Immobilier : les loyers sont contenus mais pas forcément grâce à l'encadrement

La disposition emblématique de la loi Alur a été instaurée il y a un an et demi à Paris intra-muros pour lutter contre les loyers excessifs. Le bilan est globalement positif selon le rapport de l'un des co-rapporteurs de la loi, même s'il n'est pas clairement établi que ce soit grâce à la loi.

Alors que la disposition est en application depuis un an et demi à Paris et qu'elle vient à peine d'être étendue à l'agglomération lilloise, quel est le bilan de l'encadrement des loyers ? Un rapport sur le sujet réalisé par le co-rapporteur de la loi Alur, le député PS Daniel Goldberg a été rendu public fin janvier. Il dresse un bilan plutôt positif de la mesure - quoique difficile à mesurer clairement - qui a suscité une levée de boucliers chez les professionnels de l'immobilier lors de son instauration le 1er août 2015. Un encadrement qui devrait d'ailleurs s'élargir aux agglomérations proches de Paris d'ici 2018.

Citant un récent rapport de l'Olap, le député rappelle que "73 % des emménagements se sont conclus dans la fourchette de l’encadrement des loyers (entre le plancher et le plafond), contre 26 % au-dessus du plafond et 1 % en dessous du plancher" depuis la mise en place de la loi. Mais rien ne permet de conclure que ces 25% de loyers ne ne respectent pas l’encadrement "dans la mesure où nous ne pouvons pas juger de la légalité de chaque complément de loyer", explique Daniel Goldberg.

Autre objectif majeur de la loi sur l'encadrement des loyers, la nécessité de ralentir la hausse du coût du logement à Paris.
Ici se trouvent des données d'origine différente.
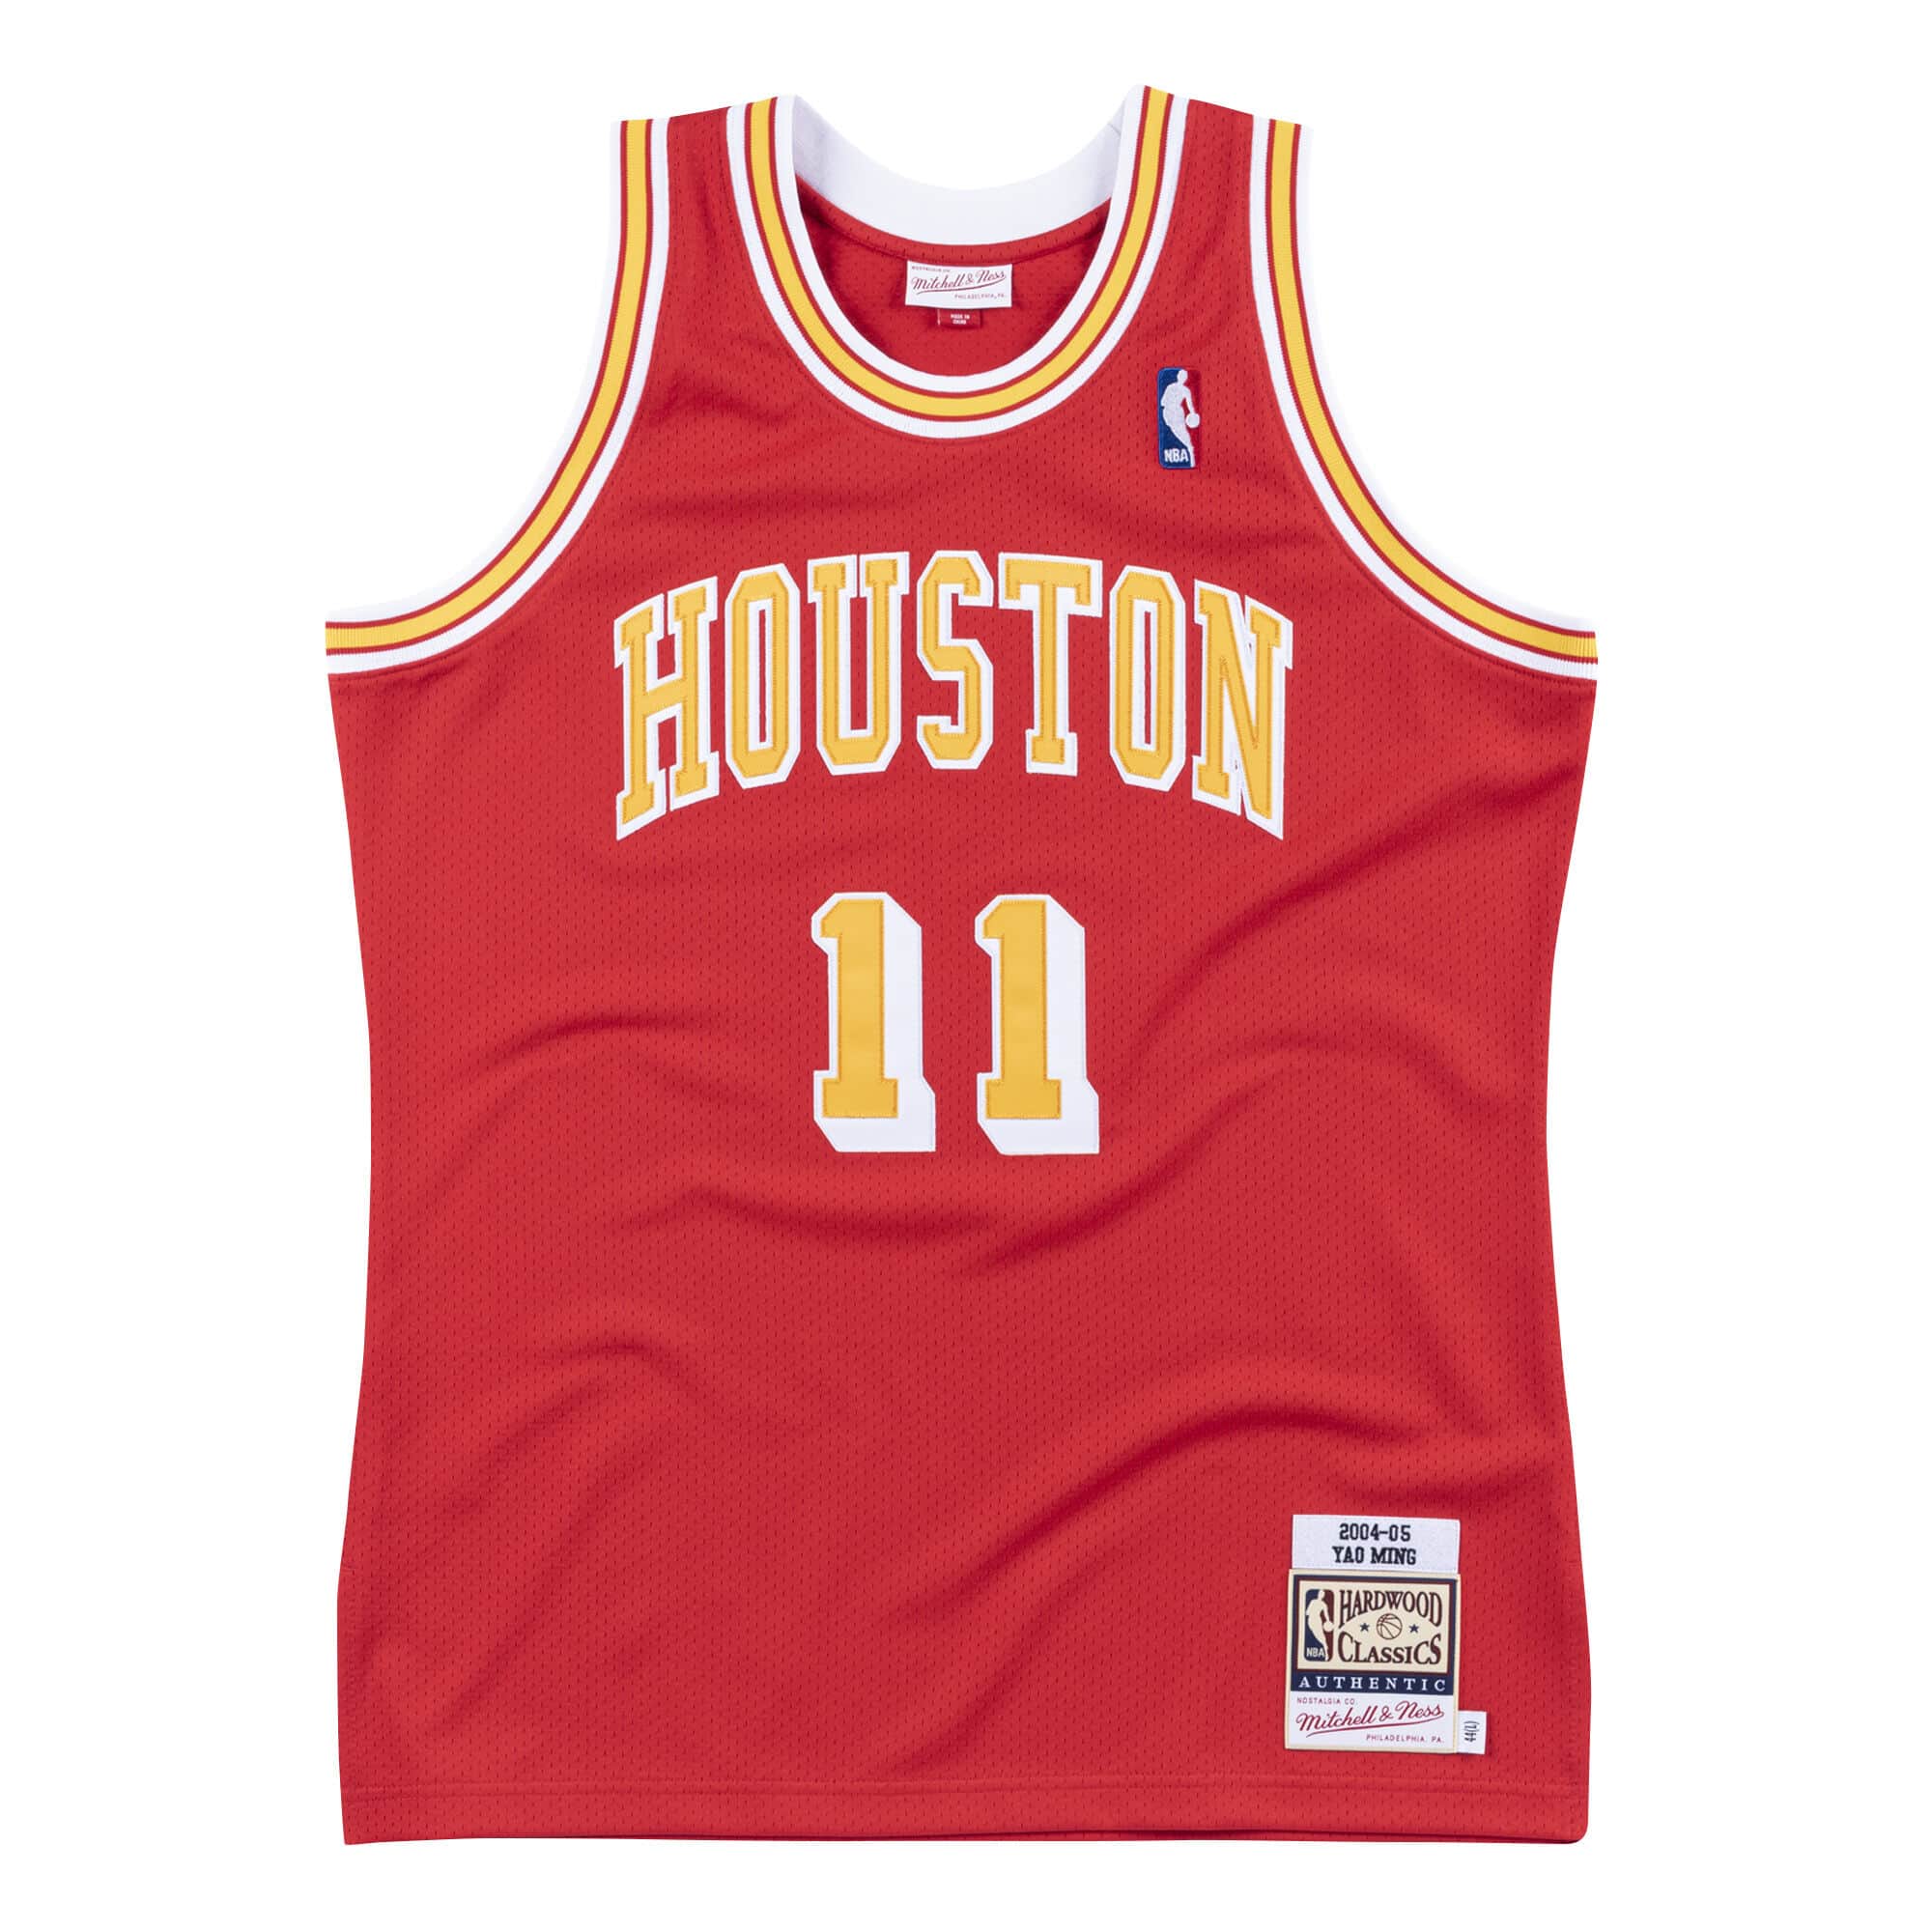 Jersey Houston Rockets 2004-05 Yao Ming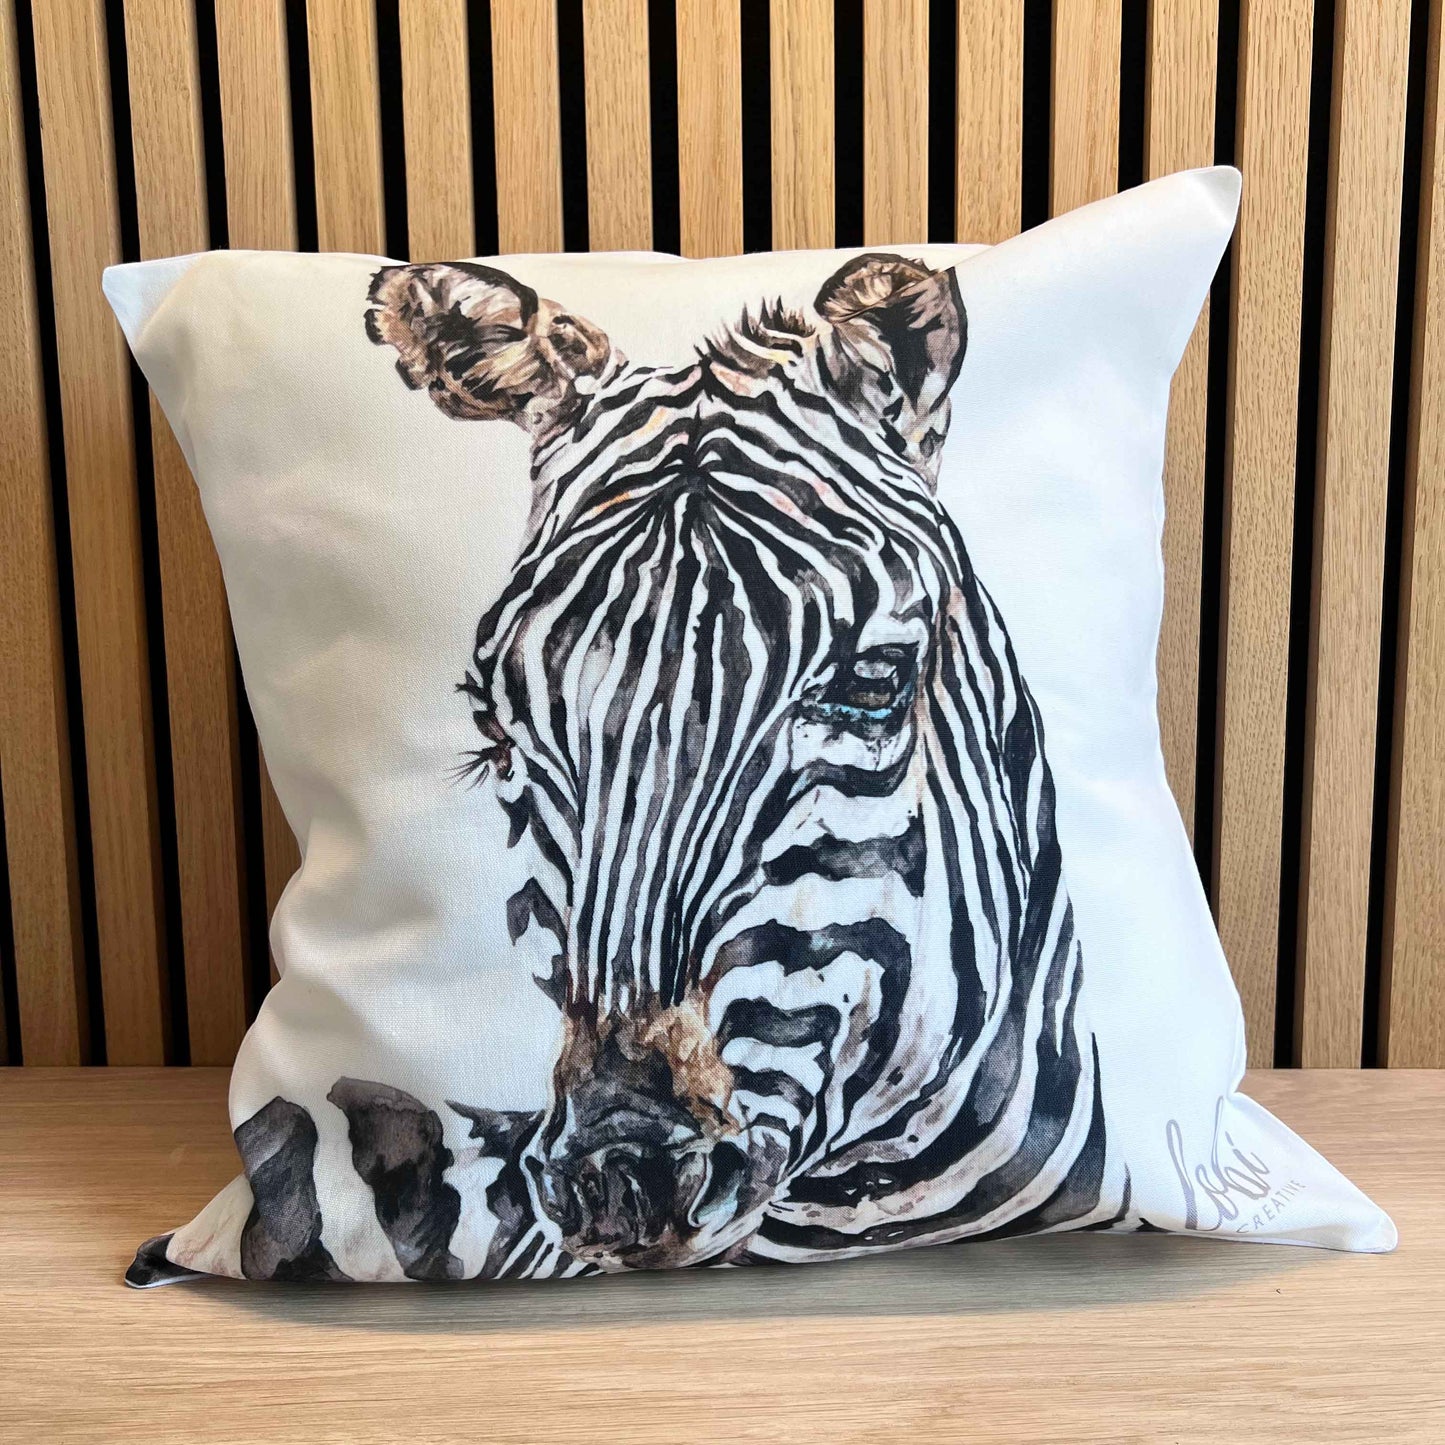 Zebra cushion cover

Sur ce point, le député salue la hausse très modérée des loyers : "la hausse de l’ensemble des loyers fut de + 0,3 % entre le 1er août et le 31 décembre 2015 alors qu’elle avait été de + 1,5 % du 1er janvier au 31 juillet de la même année", explique-t-il, ajoutant qu'"entre 2000 et 2015, les loyers parisiens avaient connu une hausse de 70 %". Mais rien ne permet d'établir "avec certitude" un lien clair de causalité entre la loi et la hausse très contenue des prix. "D’autres facteurs liés à la conjoncture économique et au fonctionnement normal du marché peuvent entrer en jeu", est-il écrit dans le rapport. Sur ce sujet, un autre dispositif a sans doute eu une importance de poids dans l'inflation très mesurée des prix, ajoute le rapport. Il s'agit de l'encadrement des loyers à la relocation, en application depuis 2012. Chaque année, un décret interdit de relouer un logement plus cher que l'Indice de référence des loyers (IRL) qui a très peu évolué depuis de nombreux mois.

Sur des aspects purement comptables, le rapport note qu'il y a eu très peu de conflits entre les locataires et les propriétaires après l'instauration de l'encadrement. La Commission de conciliation a reçu 90 saisines, dont 38 relatives au complément de loyer, le reste étant des actions en diminution de loyer. Sur l'ensemble des saisines, plus de la moitié des affaires ont abouti à une conciliation entre les deux parties. Pour le moment, aucune décision n’a encore été rendue pour l’instant sur ce sujet par un tribunal d'instance, ajoute le rapport.